Claire Sjaarda  Identity Verified
New Zealand
Local time: 08:04
Member (2014)
English to French
Nov 21, 2013

Hello there,

I have been approached by an ex-colleague who I used to work with a while back, before I became a translator. He now has his own business (not translation) and receives many translation requests and contacted me to ask whether I would be interested in being referred to providing I pay him a referral fee. I have arranged to meet him next week to discuss his proposal but in the meantime would like to find out about what is acceptable and whether this is something that is done in the translation world. How much should the referral fee be? Should it be a one off fee or a percentage of every project?
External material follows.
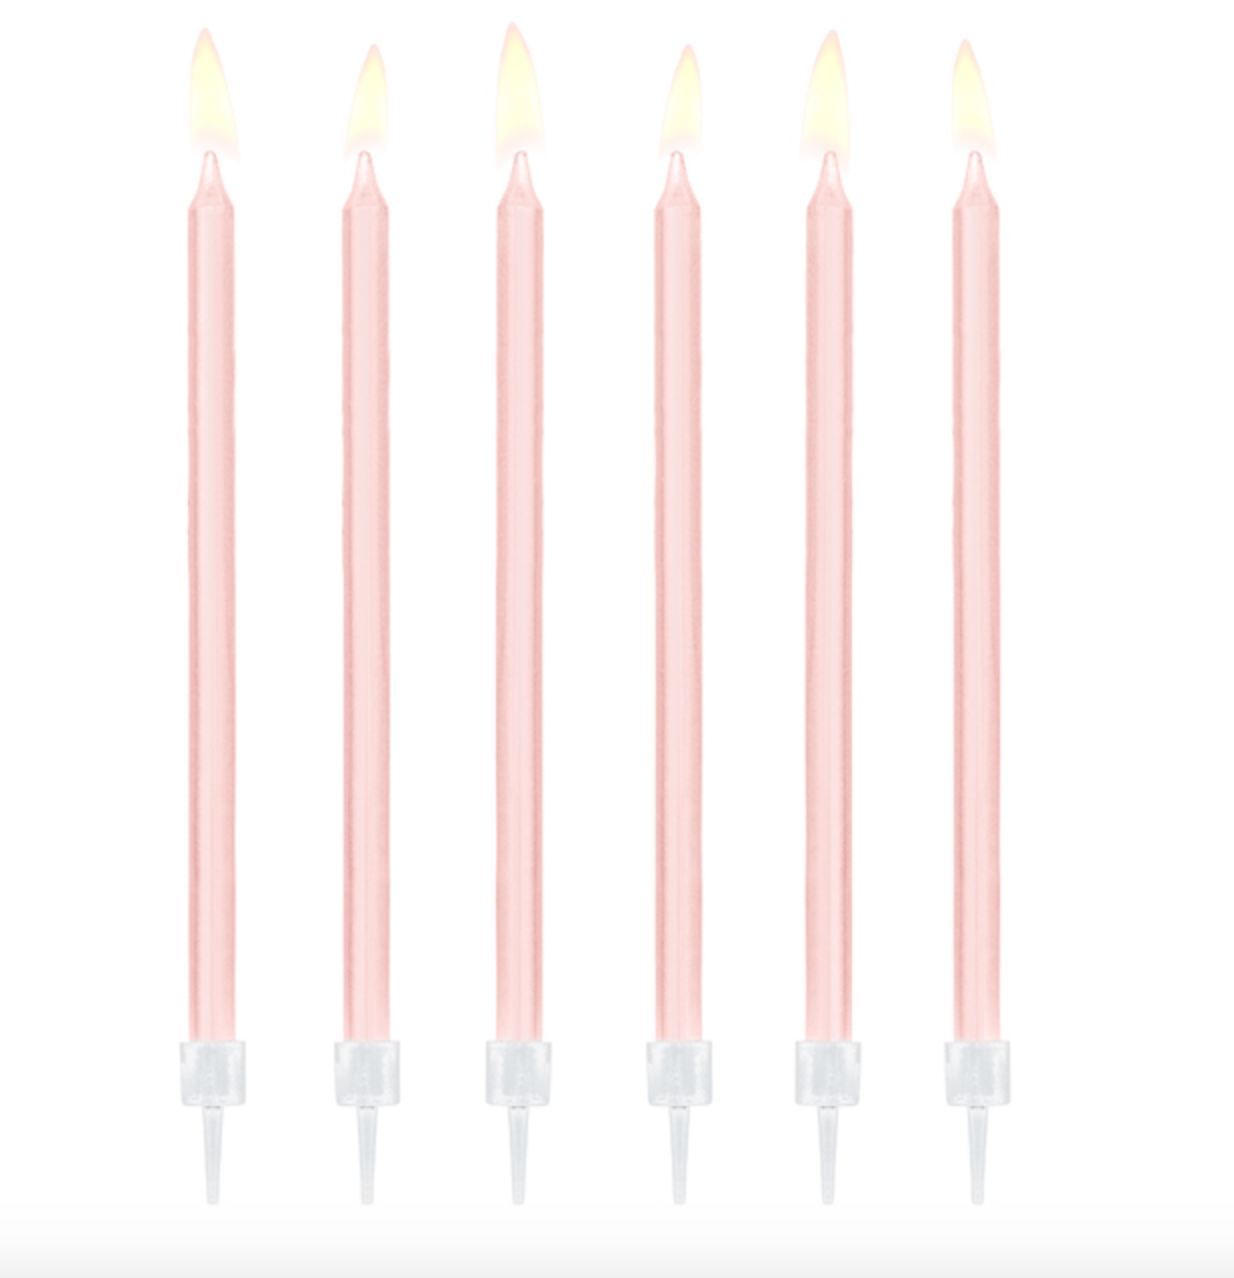 12 candeline lunghe - rosa pastello

If you have any information on the subject I would be very grateful...

Many thanks,
Claire


 

ATIL KAYHAN  Identity Verified
Turkey
Local time: 23:04
Member (2007)
Turkish to English
+ ...
Referral Fee Nov 21, 2013

In my opinion, it is rather selfish of him to ask that you pay him a referral fee. I would not agree to pay him as an old friend of mine. Come on. This is what friends are for. Are you competing with somebody else that he knows as a translator? I would ask him that question. He is a businessman, and you are a businesswoman. You are equal on that respect. Since when people have been charging each other for referrals? Referring somebody is an easy business.

 

Sheila Wilson  Identity Verified
Spain
Local time: 21:04
Member (2007)
English
+ ...
What would you be paying for? Nov 21, 2013

It's an interesting question, and not one I know the answer to. But my personal view is that you can only pay for something that has tangible value to you. If this person is adding value to your freelance translation business by providing you with the majority of your clients, then I suppose you could pay something for the introductions. After all, you'll be able to spend less time/money on marketing. But I would be reluctant to enter into any sort of contractual agreement right from the start. Surely, if you're friends, he can do it for free a few times. If it becomes clear that you stand to make serious money from regular introductions, then that would be the time to start talking about fees.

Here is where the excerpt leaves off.